To sell the public on the Keystone XL Pipeline, the right has put out numerous claims of job creation. The least controversial number is 20,000, and that one is even dubious at best. To begin with, the term "job" is defined by TransCanada (the company behind the XL Pipeline and the supplier of the 20K number) as "job years" which means that if the project takes the estimated two years, it will create actually half of the 13,000 "job year" number of jobs in construcion. Meanwhile, as for the 7,000 other "job years" created in manufacturing, it is likely most of this work will be done outside the US. So what is the more likely number of jobs created by the XL Pipeline, 20,000 or 6,500? According the the US State Department's own study, the actual total number on permanent jobs (not temporary during the construction) created by the Pipeline will be twenty.
Of course, whether it be 20 or 6,500 or even 20,000, that's a pretty small number of jobs for such a large project, so TransCanada had to juice the numbers. One study, supplied by TransCanada consultant Ray Perryman, proclaimed that "effects over the life of the project were found to include $20.931 billion in total spending, $9.605 billion in output, and 118,935 person-years of employment." (Note again that the number is in "job years" again.) In the same study, Perryman declares: "Under 'normal' oil price assumptions equivalent to the average for all of 2007, The Perryman Group found the gains in US business activity stemming from a permanent increase in stable oil supplies to include $100.144 billion in total spending, $29.048 billion in output, and 250,348 permanent jobs." This has lead the US Chamber of Commerce to support the project, citing the 250K figure.
(Oddly, the Chamber of Commerce doesn't cite the highest number of jobs estimated by Perryman to be created by the XL Pipeline, that of 553,235 jobs. The reason for this is that number is based on "the high-price case in which costs per barrel reach the peak levels observed in the summer of 2008." Which means the more outrageous oil prices get, the more supposedly beneficial the XL Pipeline is.)
Again, whether the number is 118,935, or 250,348, or even 553,235, the numbers should be met with doubt, as they are supplied by a consultant for a company trying to sell public and politicians on a project. The Global Labor Institute looked at the numbers cited by Perryman, and concluded they are bogus To begin with, of the $7 billion tied to the project, $3 to $4 billion has already been spent: thus there is no multiplier gain for this money if the XL Pipeline is approved.

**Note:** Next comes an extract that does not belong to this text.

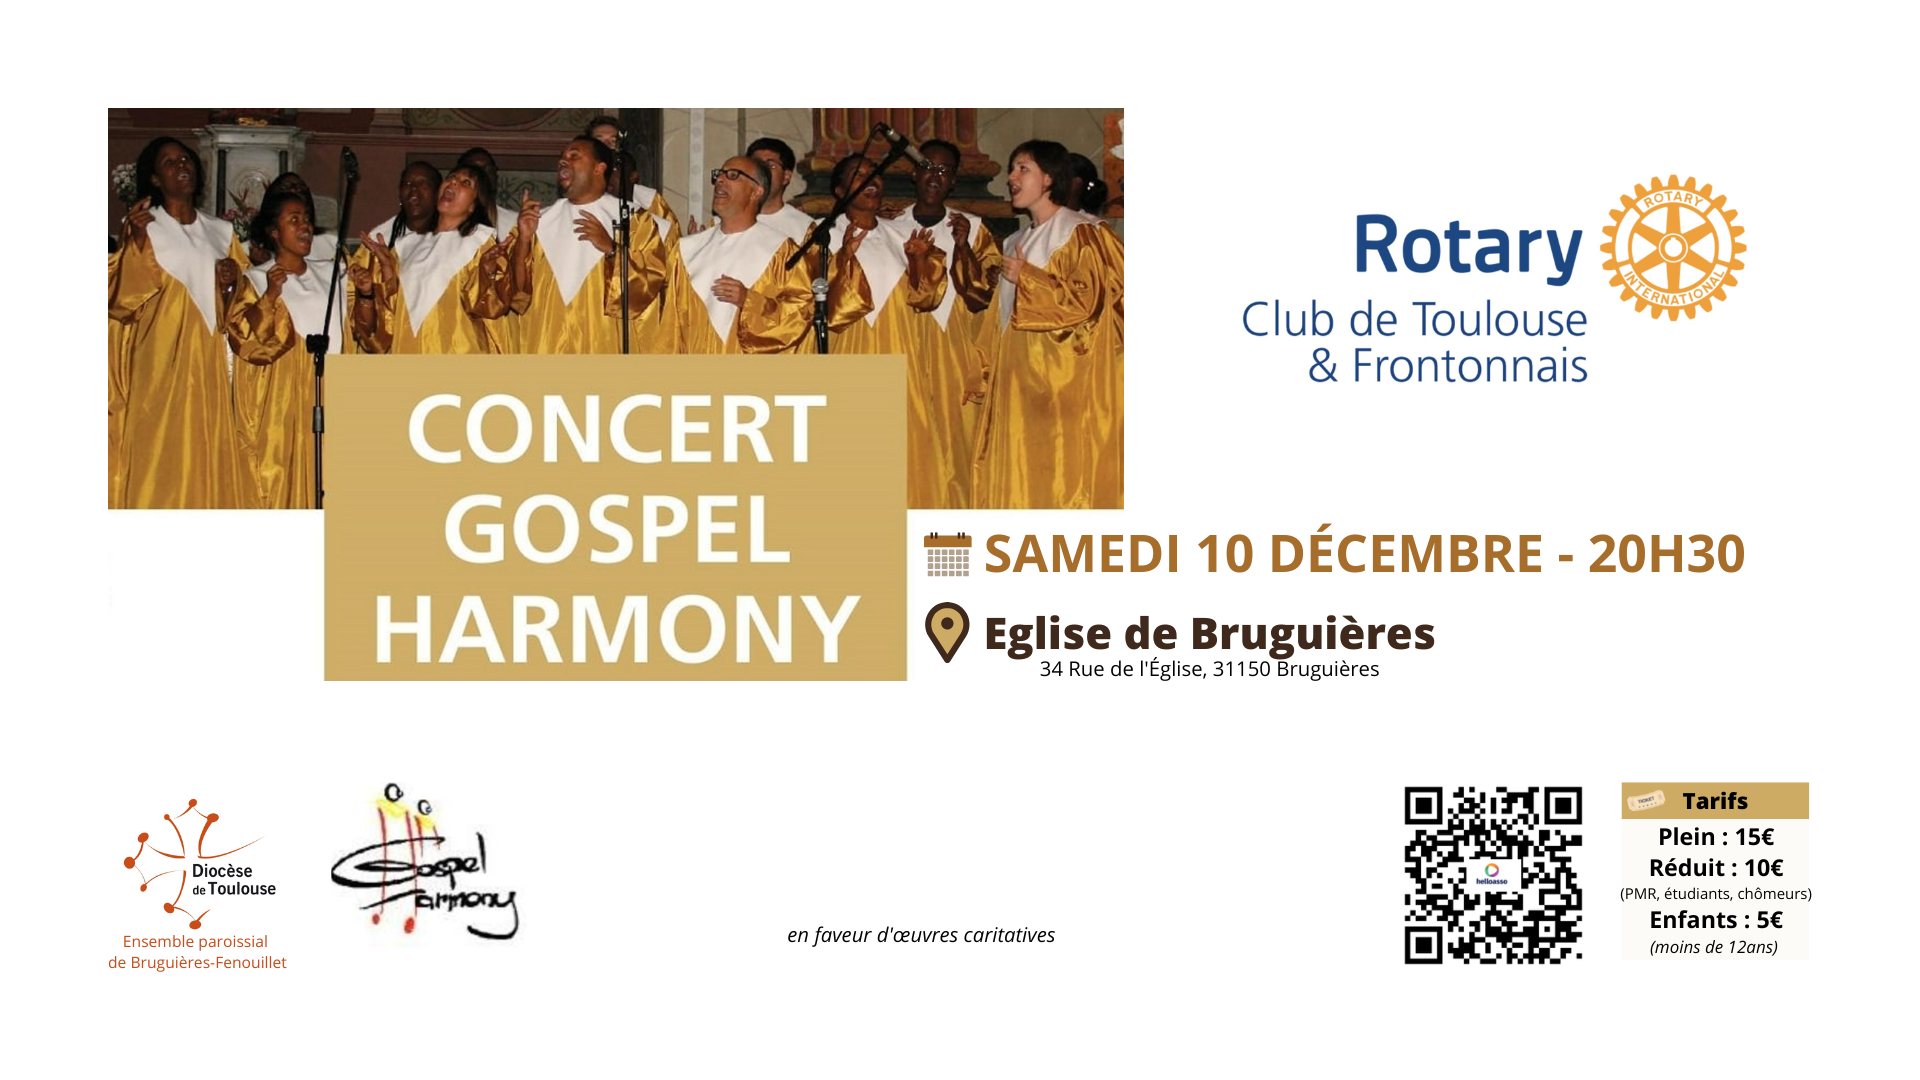 Concert Gospel Harmony en l'Eglise de Bruguières le 10/12/22

Further, the number assumes a rather generous 18 "job years" created per million dollars spent: the GLI goes with the more reasonable number of 11 "job years" per million. The end result of this simple math equation is a creation of 33,000 to 44,000 "job years" by the pipeline and not 118,000, which would create a maximum of 22K temporary jobs at best over the two years of the project, and 11K at worst if the project takes an extra year to complete.
As for the 250K to 550K numbers that TransCanada pushes, the GLI notes in response that it may very well be a long-term job killer. The big four problems with the project:
* Higher Fuel Prices: "KXL will increase the price of heavy crude oil in the Midwest by almost $2 to $4 billion annually, and escalating for several years. It will do this by diverting major volumes of Tar Sands oil now supplying the Midwest refineries, so it can be sold at higher prices to the Gulf Coast and export markets. As a result, consumers in the Midwest could be paying 10 to 20 cents more per gallon for gasoline and diesel fuel, adding up to $5 billion to the annual US fuel bill."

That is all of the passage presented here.